Aliko Dangote has unveiled plans to generate 20,000 megawatts of electricity in Nigeria, marking a major expansion of his industrial empire into the country’s troubled power sector.
The billionaire businessman disclosed the ambition during a conversation with Makhtar Diop, saying energy remains one of Africa’s most urgent development needs.
“We are now going into power… 20,000 megawatts,” Dangote said, while also highlighting fertilisers and industrial inputs as critical sectors for the continent’s growth.
The move comes as Nigeria continues to grapple with a severe electricity crisis that has undermined economic growth, disrupted businesses and left millions reliant on costly diesel generators.
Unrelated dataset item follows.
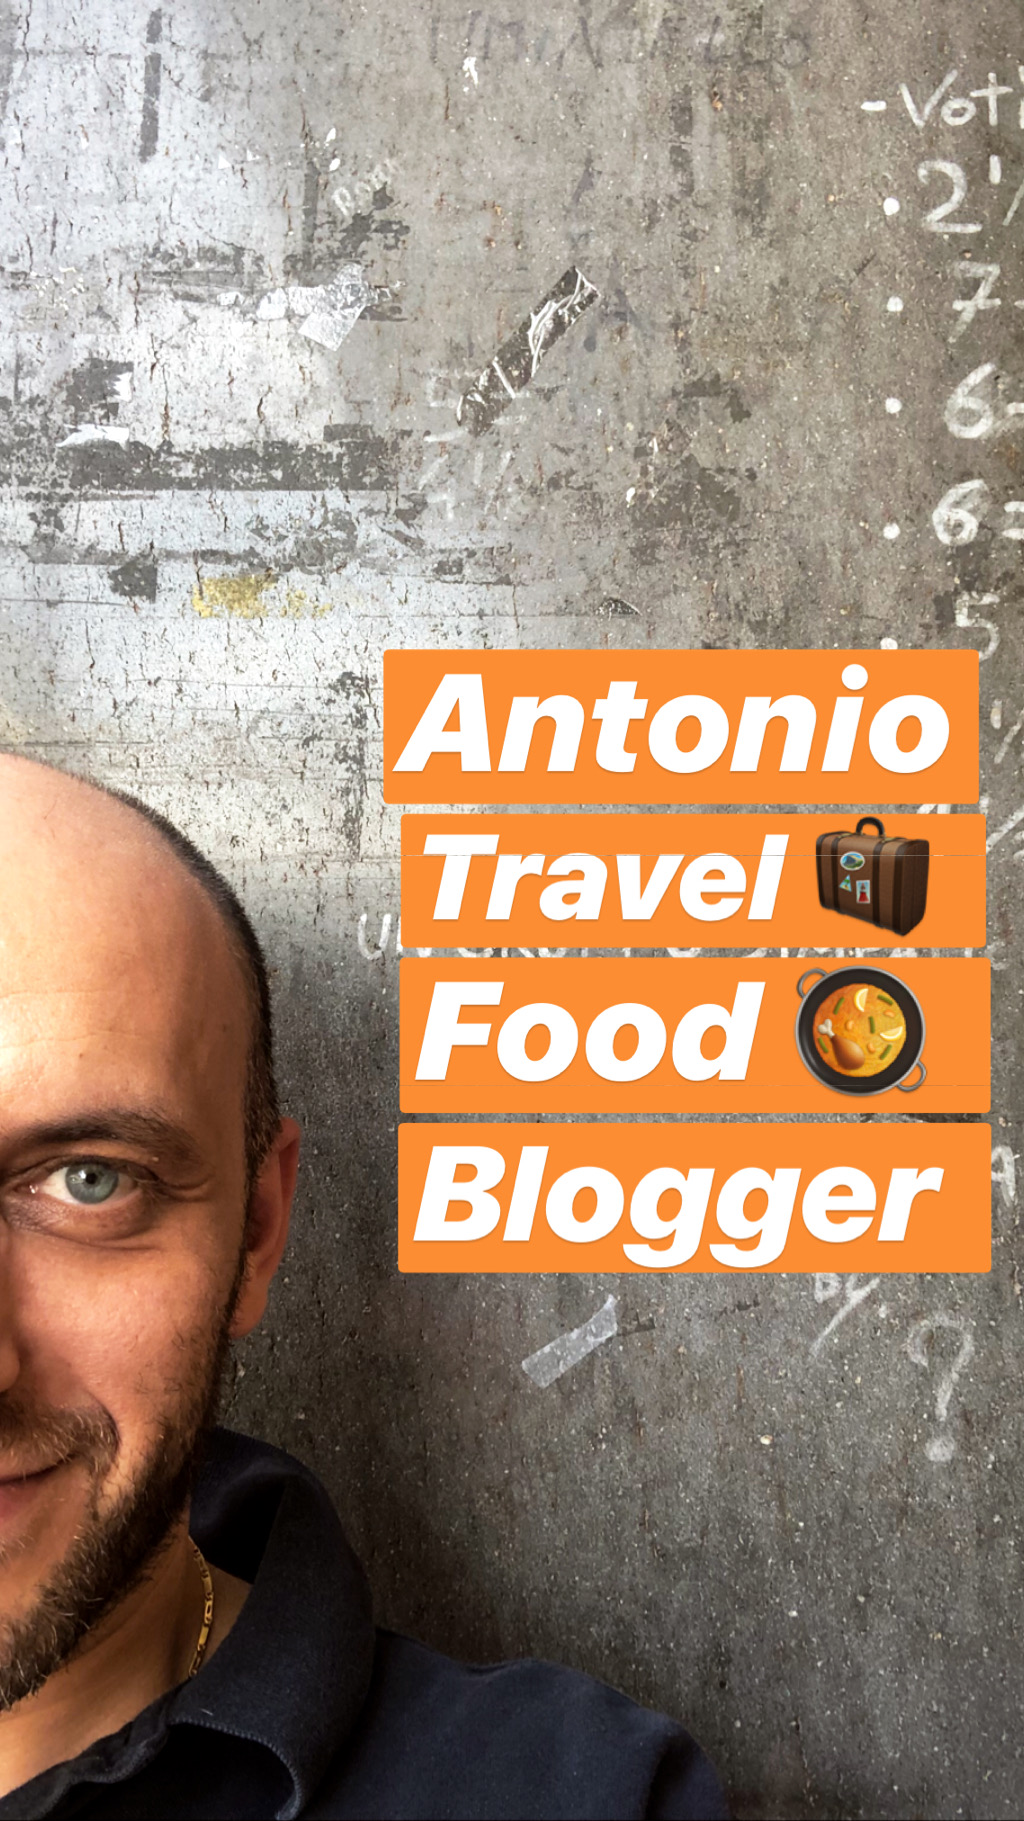 Antonio Travel Food Blogger

Dangote’s latest expansion follows the commissioning of his 650,000 barrels-per-day refinery and the rapid growth of his fertiliser operations. He said the group’s businesses are now generating strong cash flow and becoming increasingly asset-light, positioning the conglomerate to fund another capital-intensive venture.
The announcement also places renewed scrutiny on the federal government’s repeated failure to stabilise electricity supply.
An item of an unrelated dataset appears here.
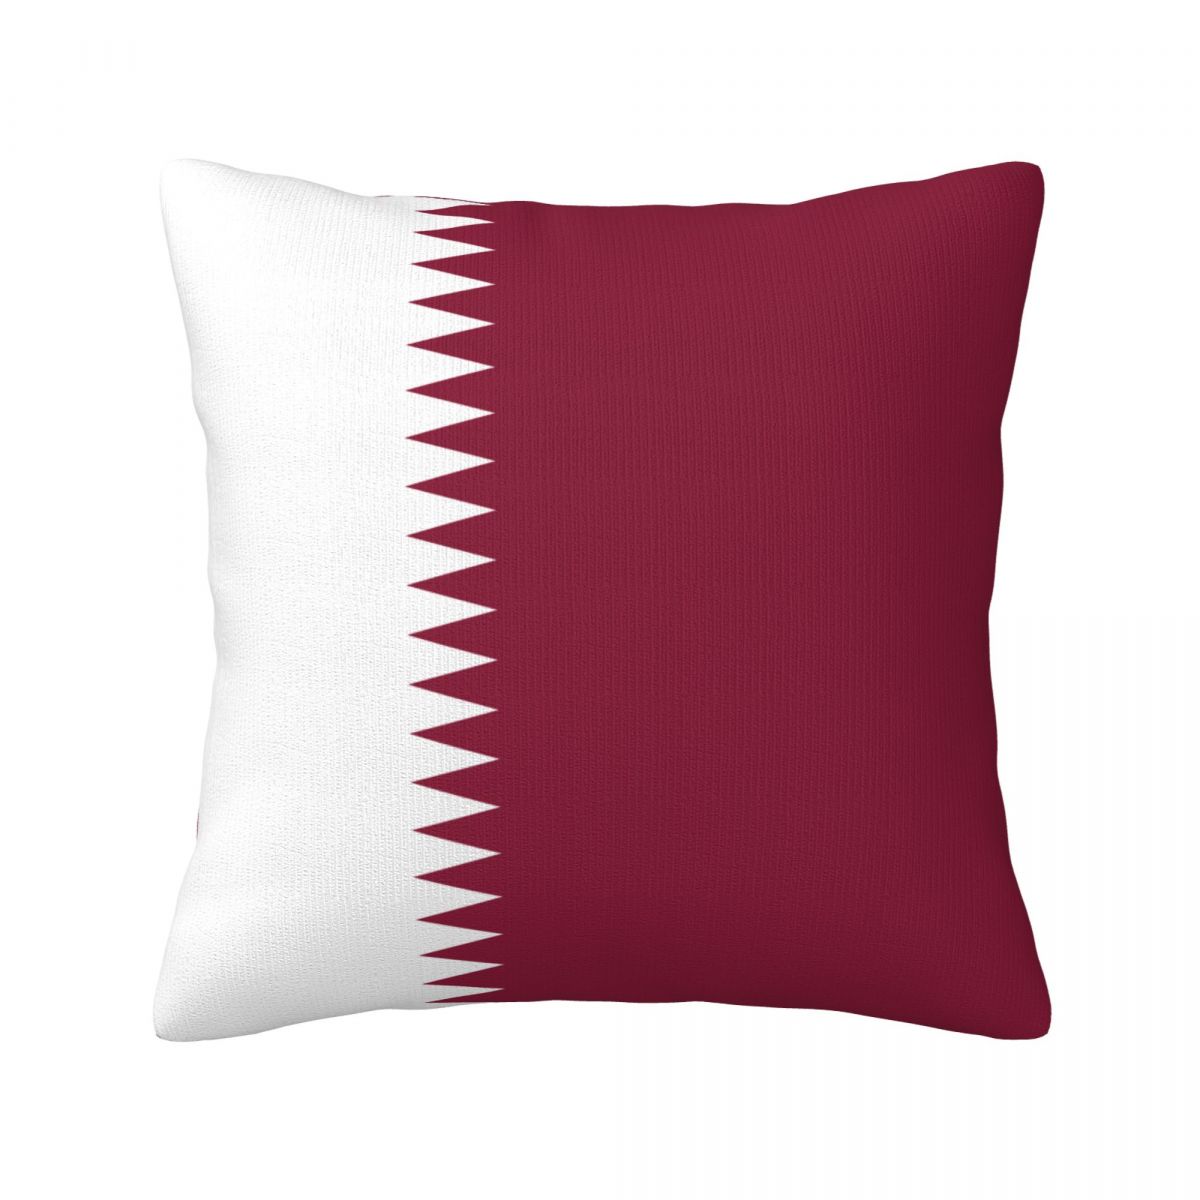 Qatar Flag Decorative Square Throw Pillow Covers

Dangote calls for shift to Africa’s domestic refining
Adebayo Adelabu had previously promised improvements in generation capacity, but multiple deadlines passed without achieving sustained supply growth. Although Nigeria briefly reached a record 6,003 megawatts in March 2025, output later declined due to vandalised infrastructure and persistent gas supply challenges.
Current average supply levels remain far below demand in a country of more than 200 million people, with generation often hovering around 3,331 megawatts.
According to World Bank estimates, unreliable electricity costs Nigeria about $29 billion annually, equivalent to roughly 10 percent of the country’s gross domestic product.
Despite Dangote’s reputation for delivering large-scale industrial projects, analysts say the proposed 20,000-megawatt expansion faces major structural obstacles.
Nigeria’s transmission network remains too weak to reliably wheel even 8,000 megawatts without risking grid instability, raising concerns that generation gains may not translate into improved electricity access for homes and industries.
The sector also continues to struggle with deep financial problems, as distribution companies battle poor revenue collection and mounting debts owed to generation firms and gas suppliers.
Industry figures estimate that nearly 70 percent of Nigeria’s thermal plants operate below capacity because of inadequate gas supply linked to unpaid invoices.
Dangote may seek to leverage his own gas resources and LNG infrastructure to reduce exposure to supply disruptions, though regulatory uncertainty and tariff disputes remain significant risks for investors in the sector.